Собрание сочинений в 15 томах. Том 14 - Уэллс Герберт Джордж. Страница 22

— Но зато она живая! В гостиной есть душа. А в этом шик! Чего же иного мог ты ожидать от меня? Между прочим, все в восторге. Даже эти твои английские приятели широко раскрывают глаза, едва переступив порог… Но, дорогой мой, ведь ты только что с дороги! Ты еще даже виски не выпил! Ах! Лучший сюрприз ты найдешь в своей комнате. Нет, я ничего тебе сейчас не скажу. Это должен быть настоящий сюрприз!

9

День этот потому, быть может, так запечатлелся в моей памяти, что тогда я впервые измерил всю необъятность задачи, которую взял на себя, собравшись пересоздать Долорес на свой лад. С того дня я пытаюсь произвести эту операцию, все с меньшей убежденностью и абсолютно безрезультатно. Но лишь вчера вечером я отдал себе отчет в том, что это длится уже тринадцать лет.
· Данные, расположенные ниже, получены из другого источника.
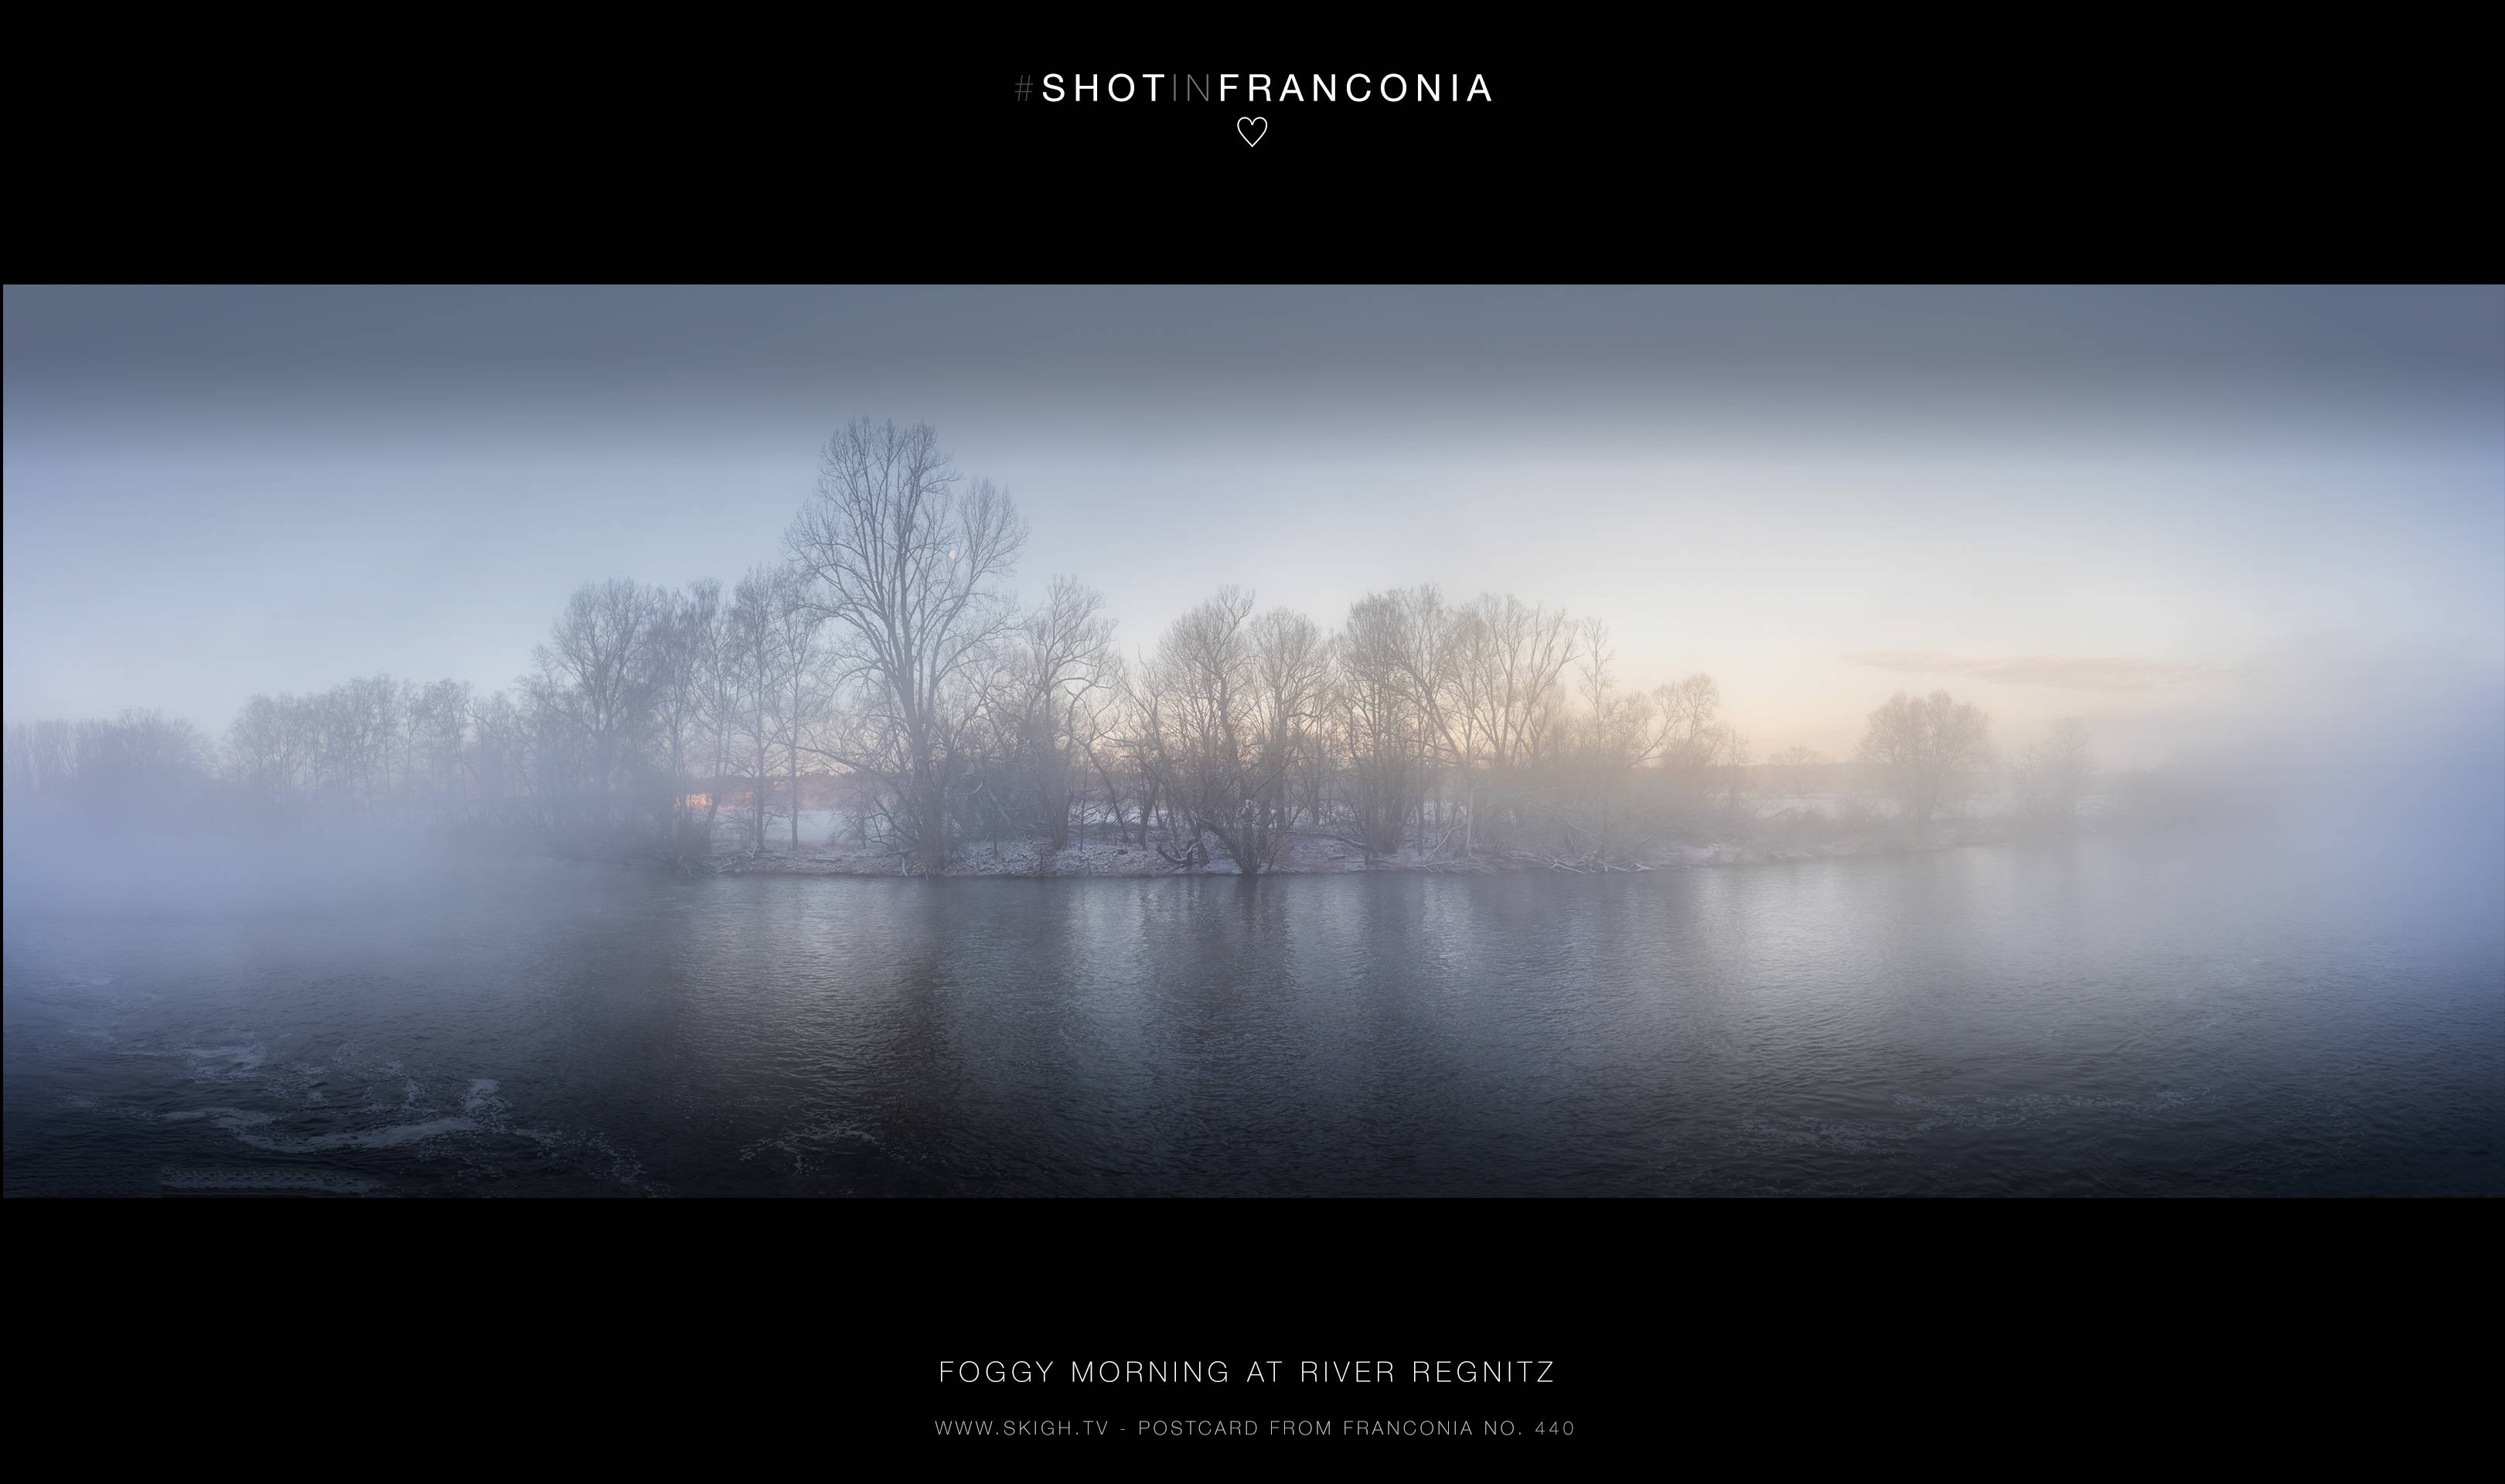 Foggy morning at River Regnitz

Быть может, неумело и весьма непоследовательно, но зато усиленно я старался в течение всего этого времени отыскать такой модус совместного существования, чтобы мы стали настоящей семьей, причем ни я не был бы стерт в порошок, ни она чрезмерно стеснена. Мои усилия, однако, никогда не были планомерными, никогда мне не удавалось избрать определенную и последовательную линию поведения, ибо я никогда не был в состоянии определить свое отношение к Долорес. Порой она казалась мне веселой проказницей, а порой ужасающе докучливой. Порой она была чем-то случайным, а порой чем-то вполне существенным. Если бы даже она сама хотела приспособиться ко мне, я должен был бы чувствовать себя сбитым с толку.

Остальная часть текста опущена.